5.3. Recording Conditions Consideration and Bird Species in the Database

Due to the different sound qualities of the recordings, the collected records do not have a specific recording condition (even among records of individuals of the same bird species). In this context, the proposed algorithm can verify an individual regardless of the difference in the recording conditions (a common condition in field recordings).

There was not biological consideration about the selection of the bird species in the database. This lack of consideration may introduce biases; therefore, in future work, it could be interesting to adopt some more objective criteria at the selection of bird species.

5.4. Application Areas

It is still not well understood if the capture of an individual is dangerous to the habitat; in any case, the health of the birds is paramount. Therefore, non-invasive, passive methods are to be preferred (to avoid the common problems of capture such as the stress or death of the individuals) [5,9]. On the other hand, as mentioned in the Introduction, obtaining a large amount (and high quality) of vocalizations from an individual to apply the statistical methods efficiently is nowadays a complex challenge. In this context, the proposed algorithm can provide an identification evaluation by only analyzing two samples from individuals (a limited data condition), implying a time-cost reduction and a new easy way to monitor biodiversity. Although the proposed method does not extract the same features as those from a captured individual, it is a non-invasive method for individual identification that, in addition to the application in counting, could be used to determine the dispersion of the habitats and the mapping of the territories.

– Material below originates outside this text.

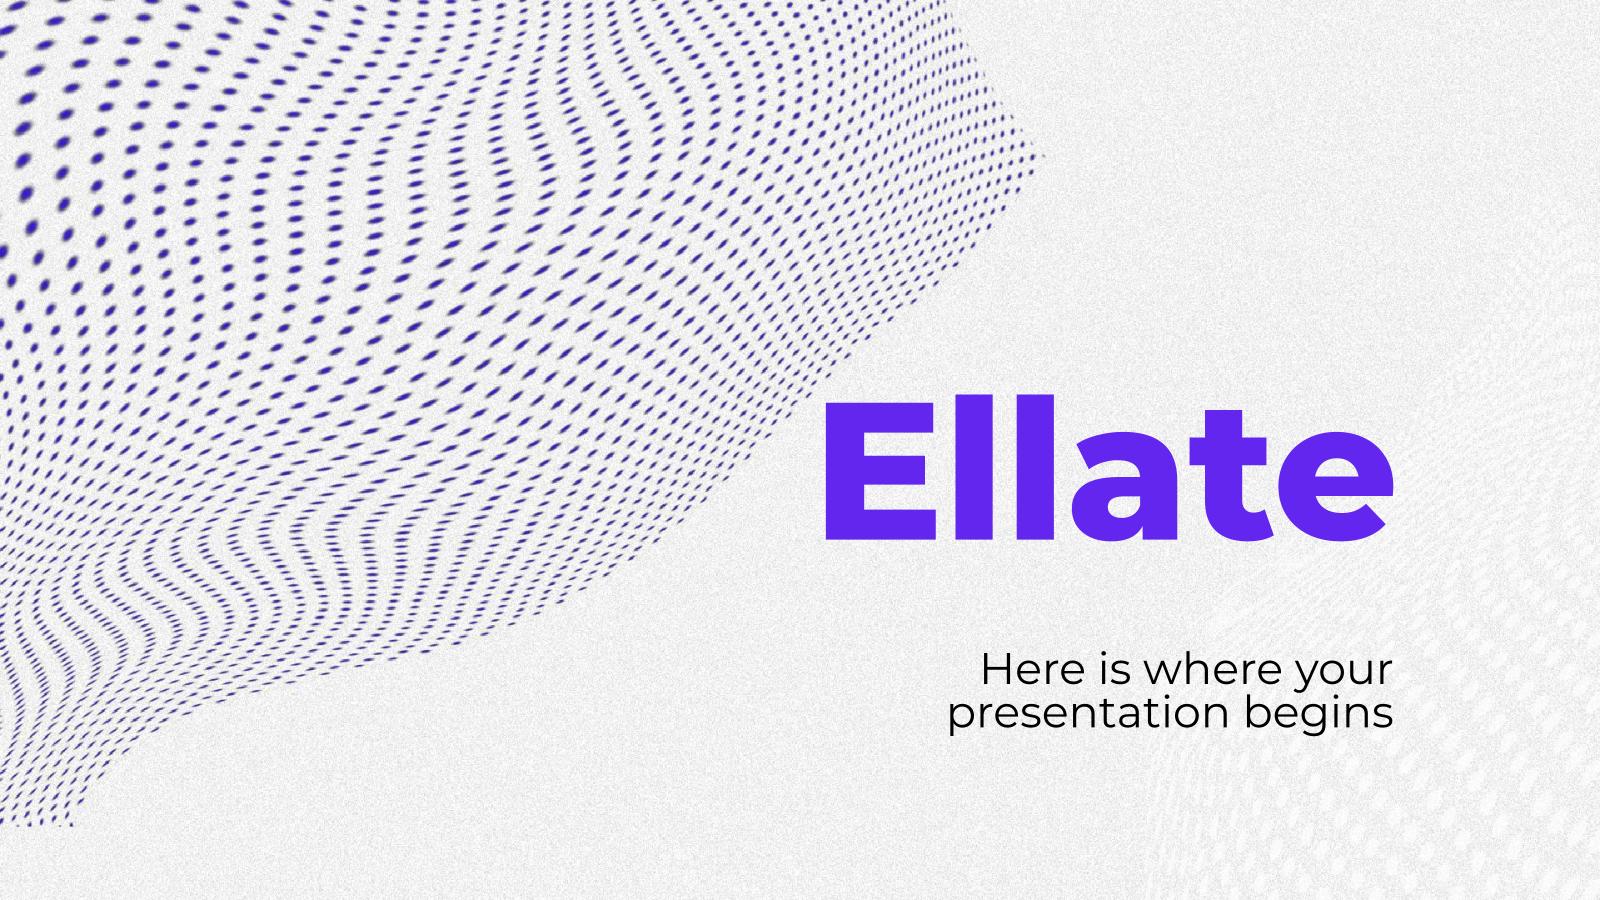 Modelo de apresentação Ellate

Due to the particular skills of experienced observers, it is recommendable that only these qualified observers participate in biodiversity monitoring programs (to guarantee reliability on the data) [5]. Although this is the desired condition, there is often a lack of available qualified observers mainly because of the amount of time consumed by the identifications [7]. On the other hand, training new observers requires from two to three weeks in an intensive program (depending on the number of species to be identified) [9]. The acoustic identification of birds has shown greater efficiency than visual identification, especially because acoustic identification maximizes the visual observations [7]. For that reason, to increase the efficiency of identifications, it is recommended to combine visual and acoustic identification techniques. In this context, the proposed semi-automatic identification algorithm could be used as a valuable tool that can be applied together with traditional counting techniques. Since it is based on the identification of patterns in the spectrogram, the methodology could be used for the training of new observers and to help experienced observers with the reliability of avian counts through the search methodologies.

6. Conclusions

Based on the BLPOC function as an efficient method traditionally used in human identification by image matching, in this paper, a new technique for the acoustic individual identification in birds is proposed. Although many methods can provide bird species identification, the proposed method focuses on the individual identification. The results support the proposed algorithm as a method for the acoustic individual identification that can provide an identification evaluation by only analyzing samples from individuals. Two different methods for the identification are presented, depending on the structure of the vocalization extraction. From the results, it can be concluded that the efficiencies of the algorithm depend on the complexity of the vocalizations. Although complexity of vocalization is the only term used in this paper, it could represent a fair comparison method for bioacoustic algorithms due to the variability of sounds produced by birds (and future work may determine a better metric to determine which sounds are complex and which are not complex). In addition to the individual identification, the acoustic identification technique proposed could be used together with traditional counting techniques to determine the dispersion of the habitats and the mapping of the territories.